For the Outlook, Forecast, and Trading Plans published this morning, please click here

For the last published Results of the Morning Trading Plans, please click here.

THE GIST (“THE WHAT”)

Driven by political headlines and renewed concern of economic slowdown, the S&P 500 logged its most volatile session of the month. President Trump criticized China’s trade practices while threatening to double down on Iranian sanctions in his speech at the UN General Assembly, dampening the trade optimism that the markets were riding on.

Political headlines around Trump’s impeachment further weighed down on investor confidence. The index, however, closed off of session lows at 2966.60, down 25.18 points and losing 0.84% over previous session’s close. Nine out of the eleven primary sectors closed lower in the most volatile session of the month, with Energy and Communication Services sectors leading the declines.

THE DETAILS (The “How & Why”):

A sharp decline in Consumer Confidence index for the month of September fueled the demand for safe-haven assets. Meanwhile, at the closely watched general assembly of the United Nations, President Trump intensified his trade rhetoric by criticizing China of manipulating its currency and stealing the intellectual property. He also threatened to double down on sanctions against Iran.

Investors continued buying into bond assets amid renewed economic slowdown jitters and intensifying trade rhetoric, pushing the Treasury yields to their 2-week lows.
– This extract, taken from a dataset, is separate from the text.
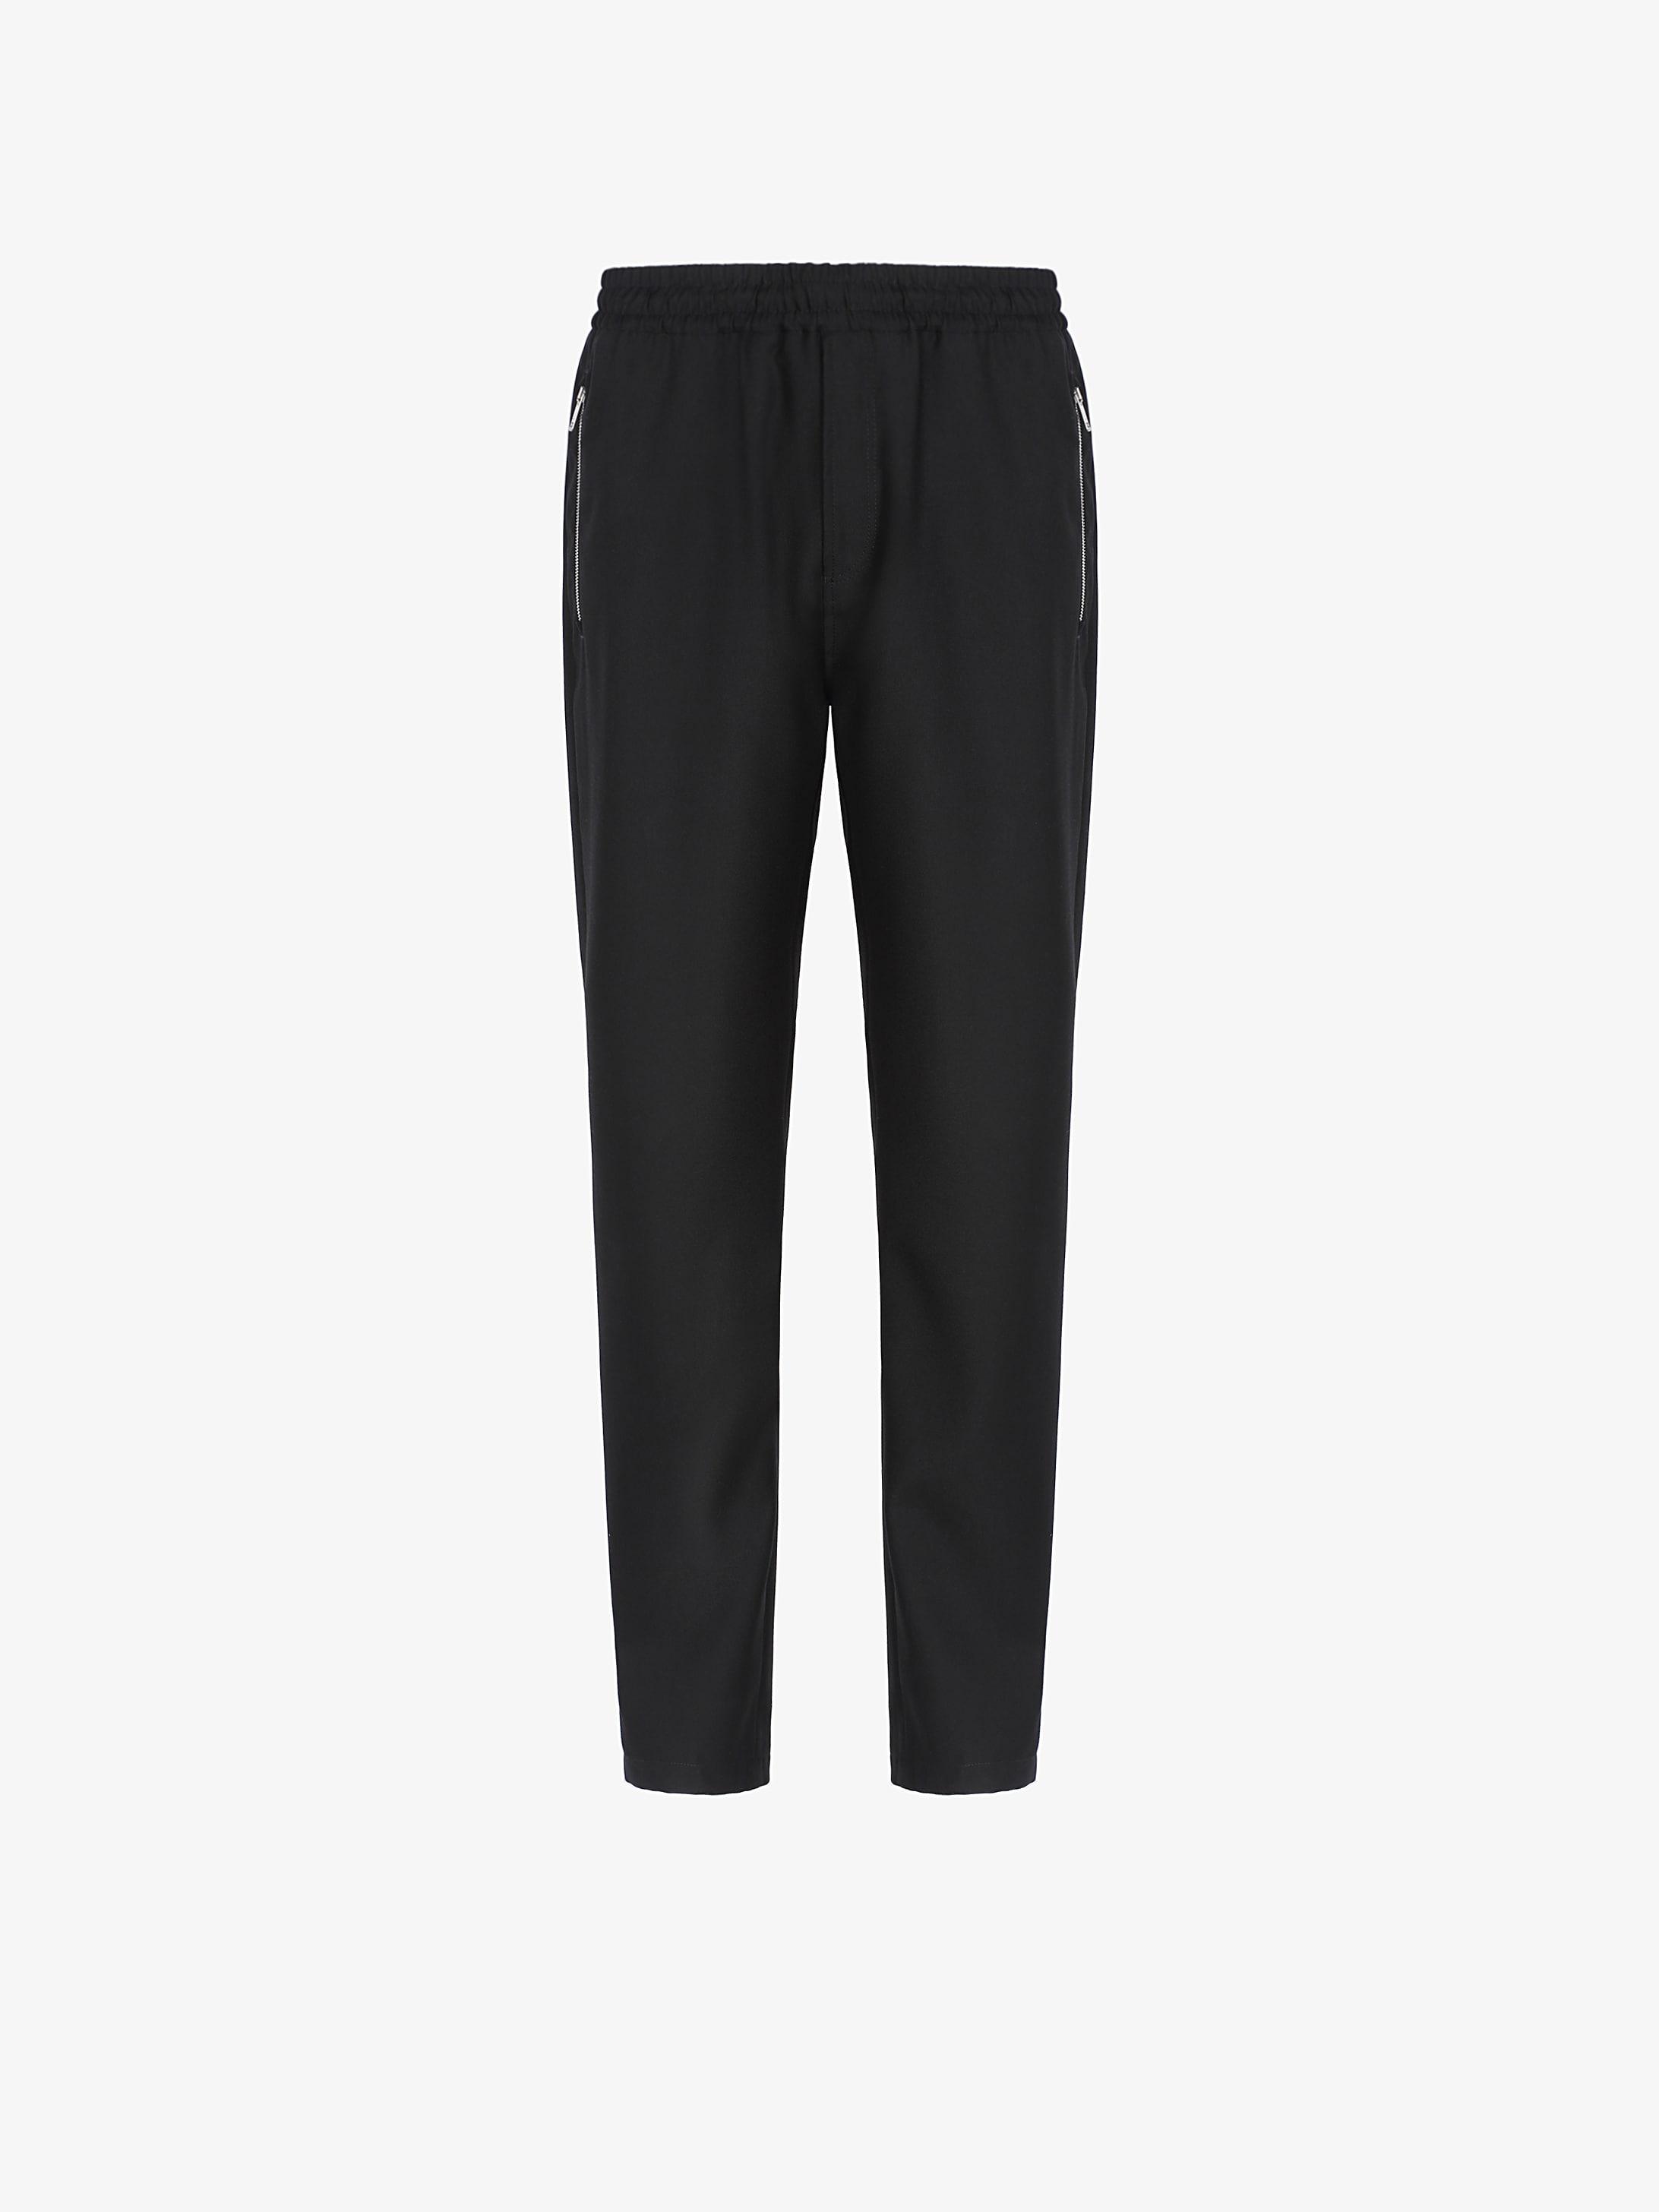 GIVENCHY ADDRESS jogger pants in nylon

Markets also closely monitored political drama around Trump’s impeachment after the House Democrats accused him of violating the U.S. constitution after he pressured the Ukrainian president to investigate business dealing of former U.S. Vice President and Democratic presidential candidate Joe Biden and his son Hunter Biden.
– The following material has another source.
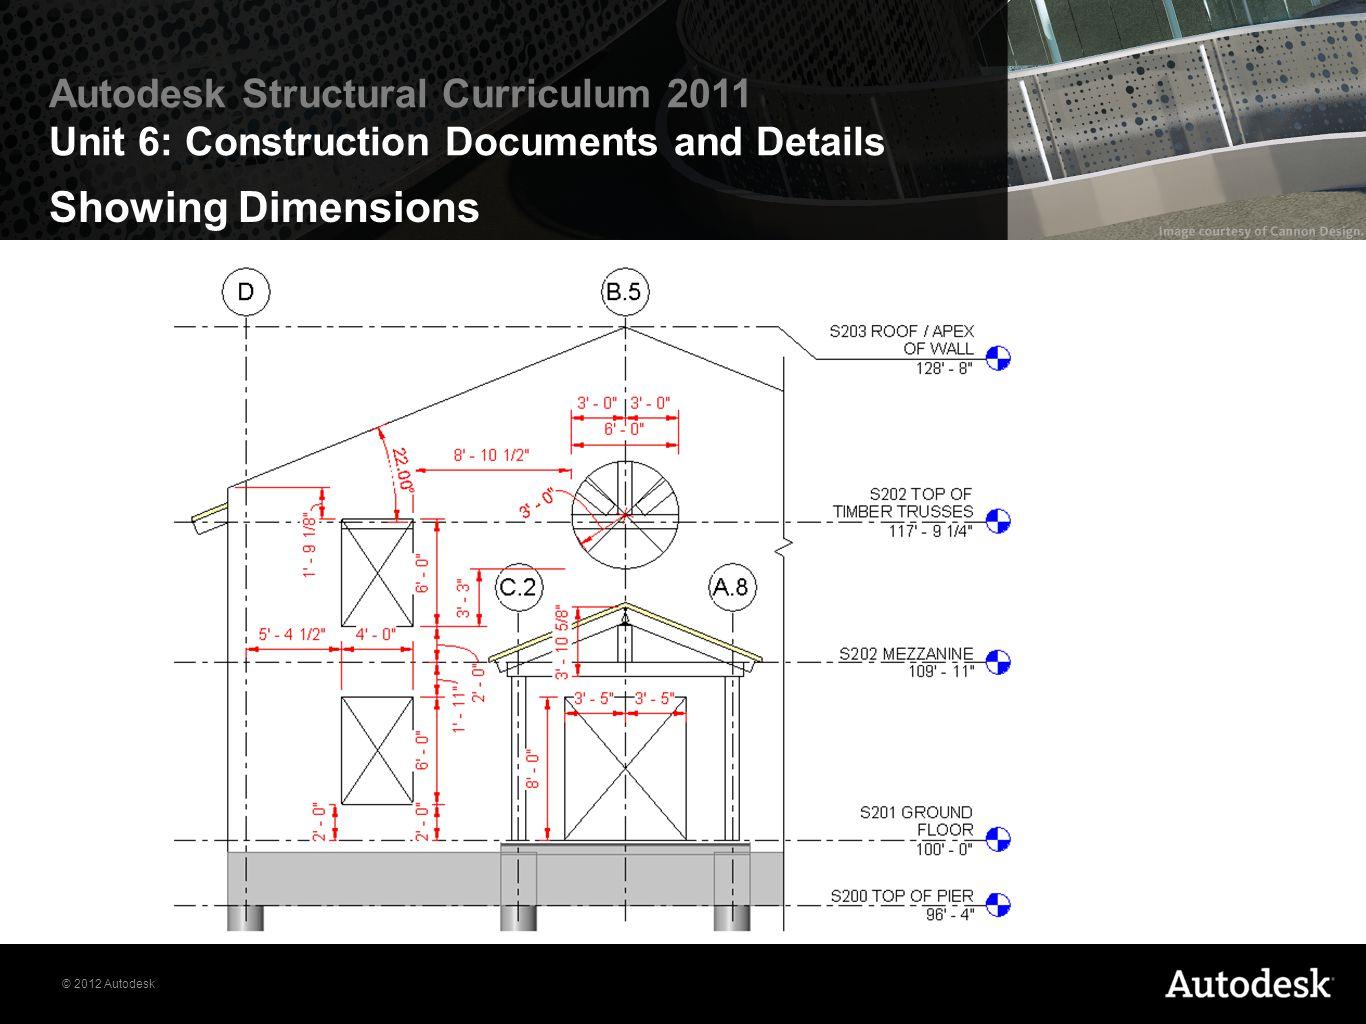 © 2012 Autodesk Autodesk Structural Curriculum 2011 Unit 6: Construction Documents and Details Showing Dimensions

Trimming losses mid-session after Trump authorized the release of the transcript of his call with Ukrainian President, the index, however pulled back after House Speaker Nancy Pelosi announced the formal impeachment inquiry.

Energy stocks posted the worst declines of the session, down 1.63% alongside slumping oil prices. Marathon Oil Corp., Helmerich & Payne Inc. and Halliburton Co. were the worst performers of the session, tumbling 6.72%, 5.93% and 5.43%, respectively. Communication Services, Consumer Discretionary and Technology were among the other major drag on the index, all closing more than 1% lower. Financials, Materials, Health Care and Industrials all added to the day’s declines.

Netflix Inc. led the FANG stocks lower, falling for the fifth session in a row by 4.26% following stock downgrade by several analysts amid intensifying competition in video-streaming business. Facebook Inc. and Amazon.com Inc. also fell more than 2% apiece.

Falling yields, on the other hand, continue boosting demand for dividend-paying and defense-play stocks. Utilities posted the biggest percentage gain of 1.06% in today’s risk-off session, limiting the losses within the broader index. Consumer Staples also managed to post 0.23% gain.